§ Provided material
- - - -

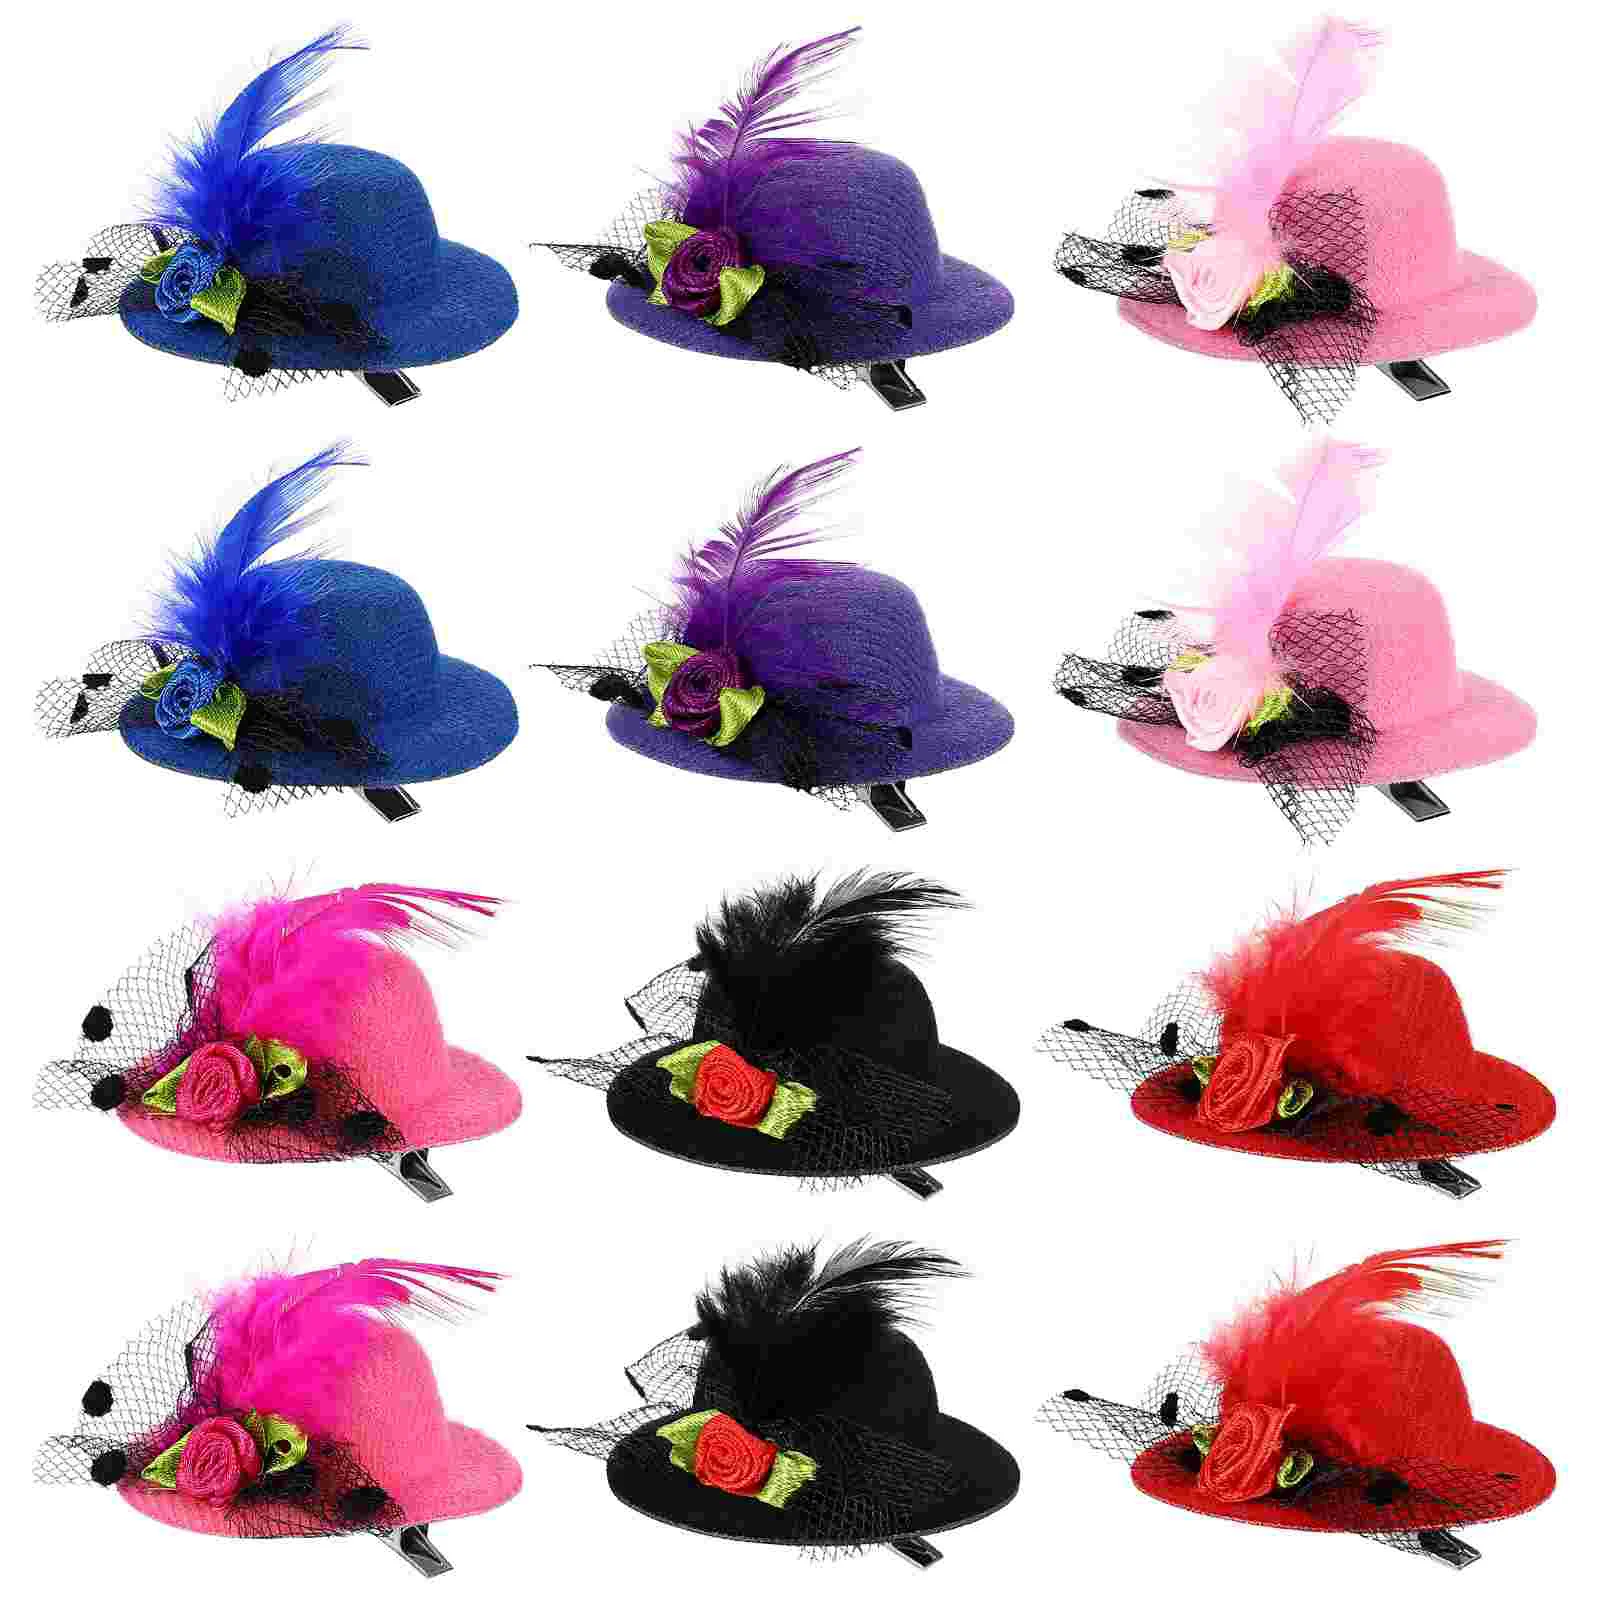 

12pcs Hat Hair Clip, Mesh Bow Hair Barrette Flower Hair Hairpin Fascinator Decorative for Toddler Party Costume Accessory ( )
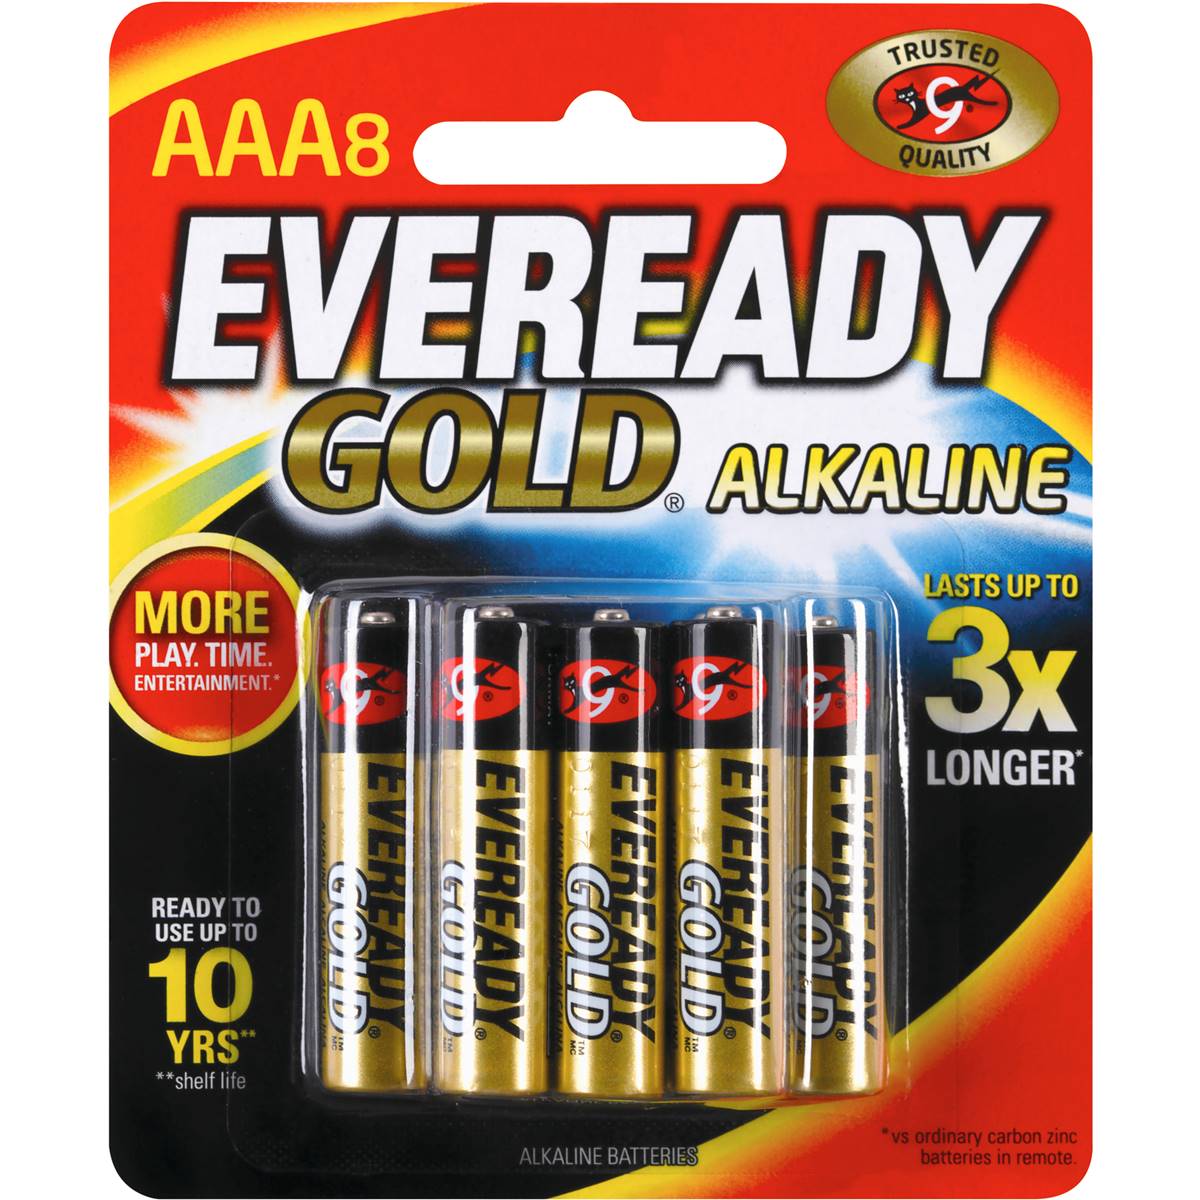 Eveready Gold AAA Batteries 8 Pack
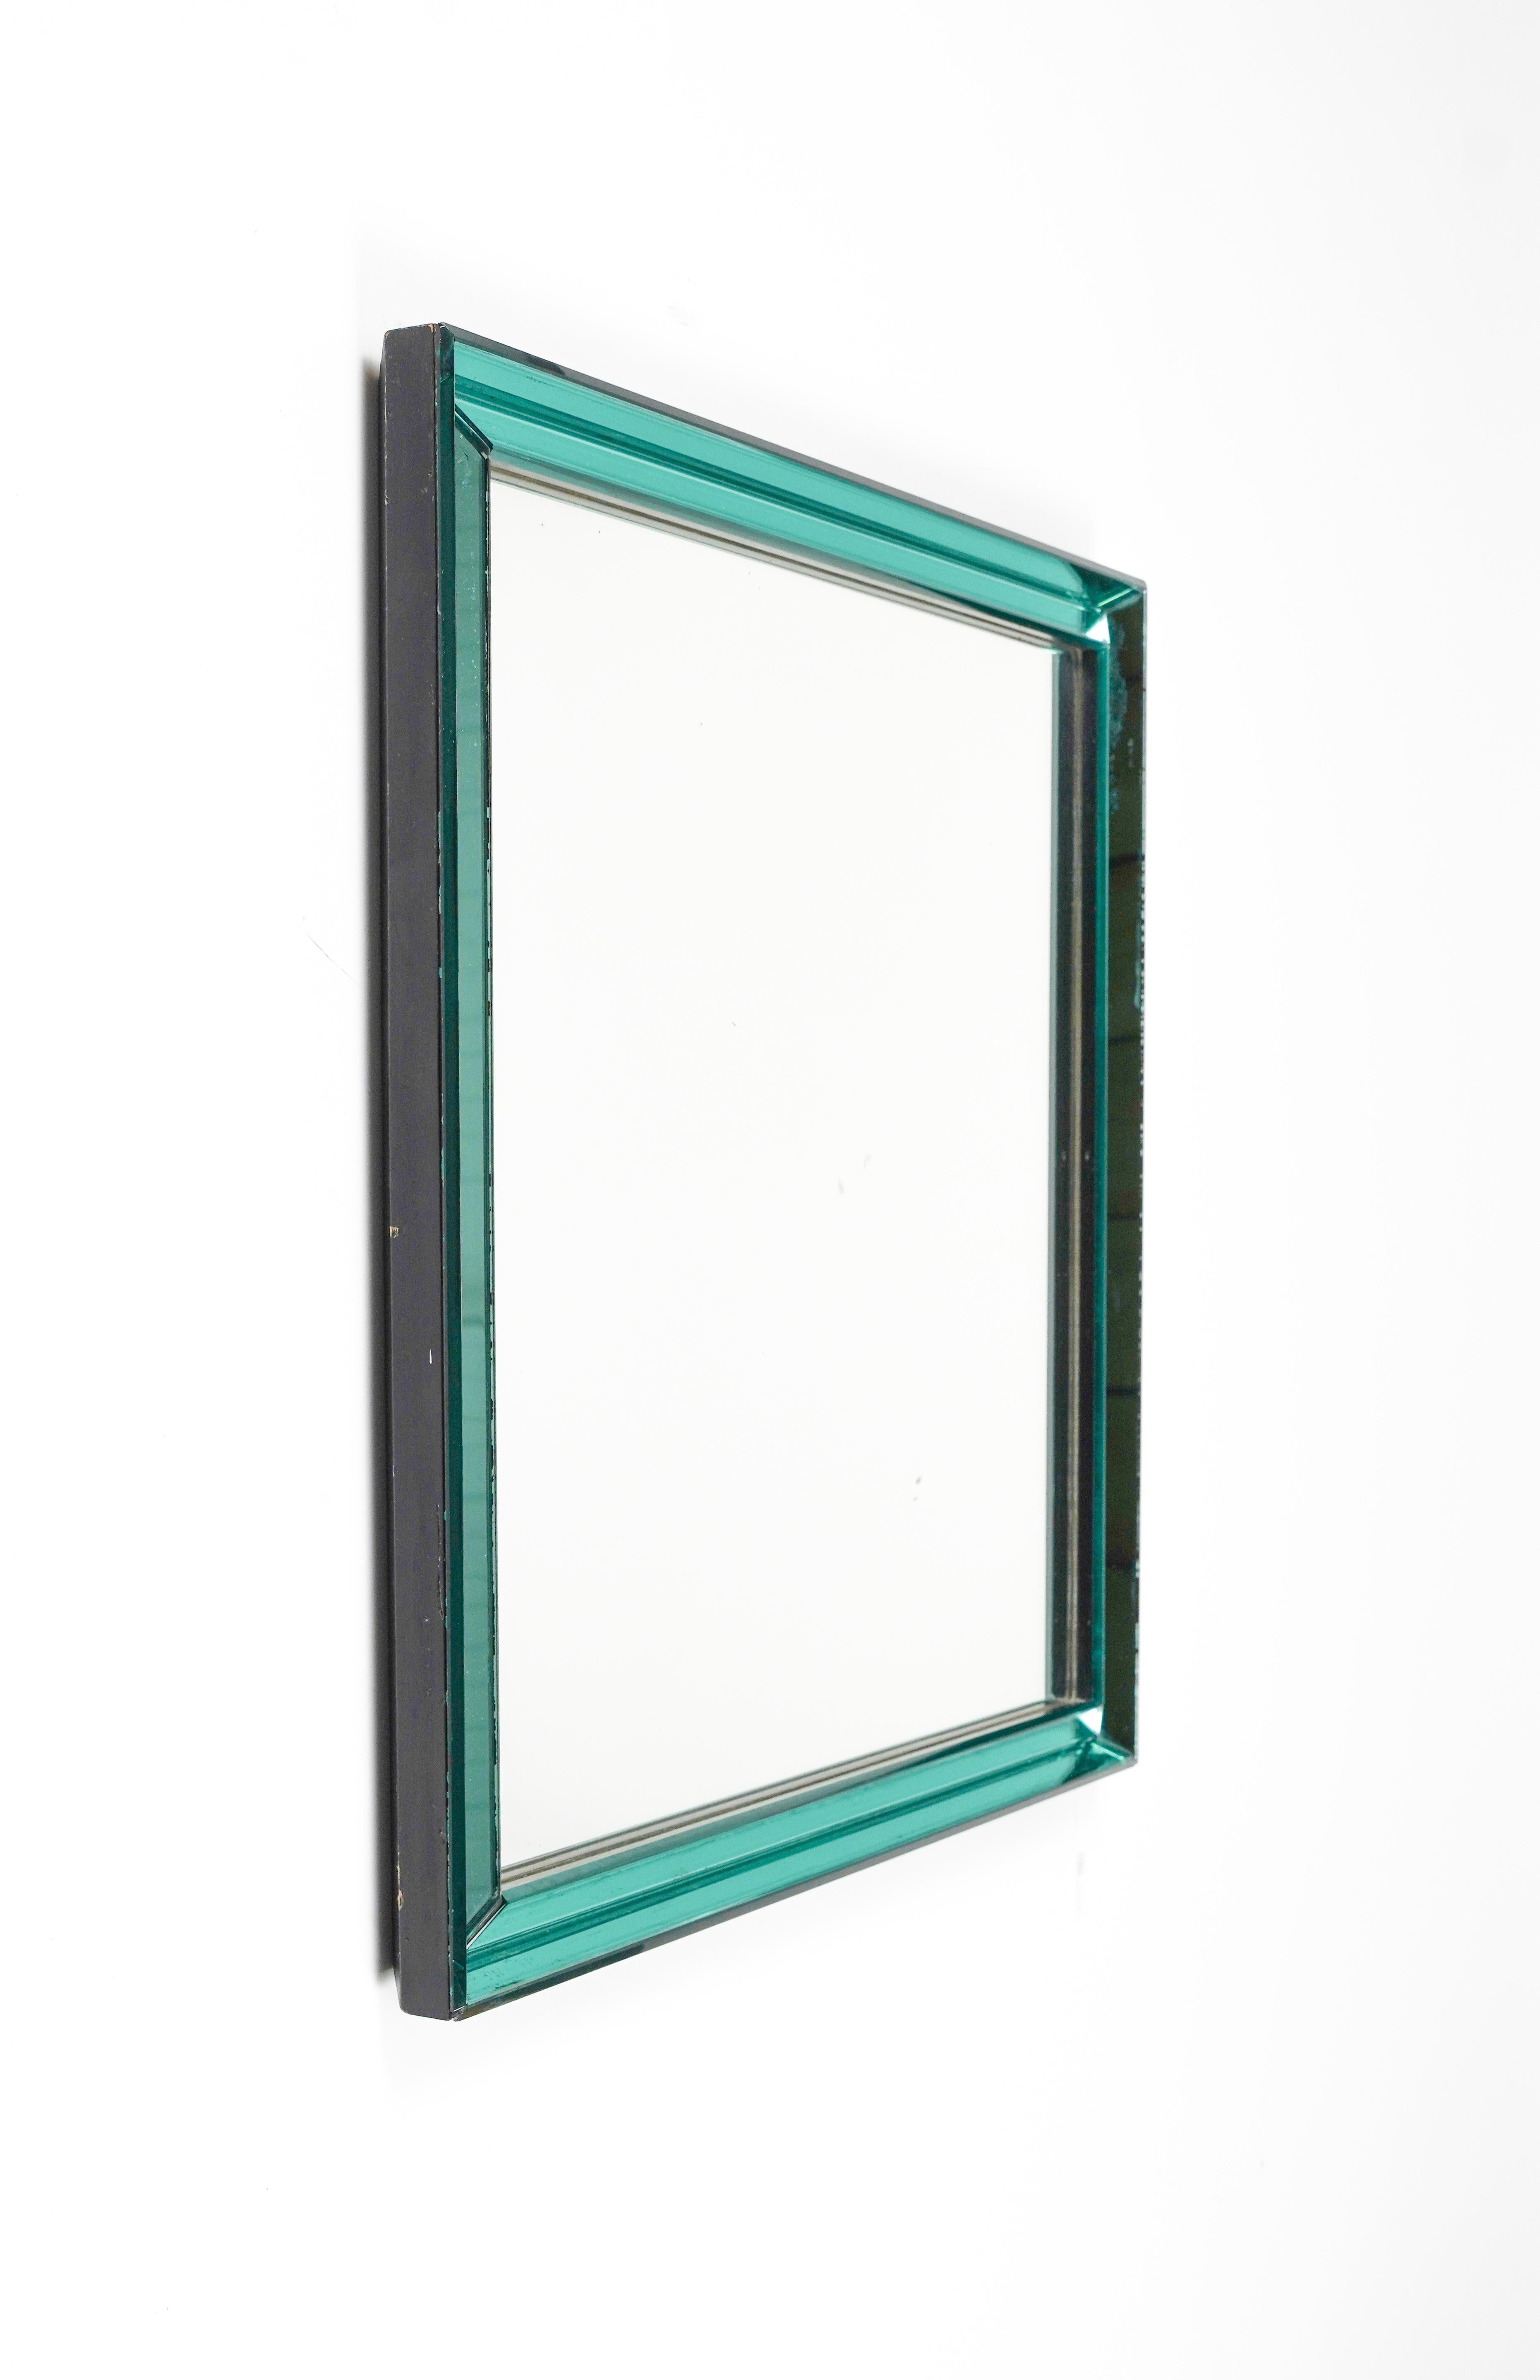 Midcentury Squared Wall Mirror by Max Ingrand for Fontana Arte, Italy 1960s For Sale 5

- - - -

§ Exercise instructions
An exact transcript of the listing is needed, free of pictures.

§ Task solution
12pcs Hat Hair Clip, Mesh Bow Hair Barrette Flower Hair Hairpin Fascinator Decorative for Toddler Party Costume Accessory ( )
 Eveready Gold AAA Batteries 8 Pack
 Midcentury Squared Wall Mirror by Max Ingrand for Fontana Arte, Italy 1960s For Sale 5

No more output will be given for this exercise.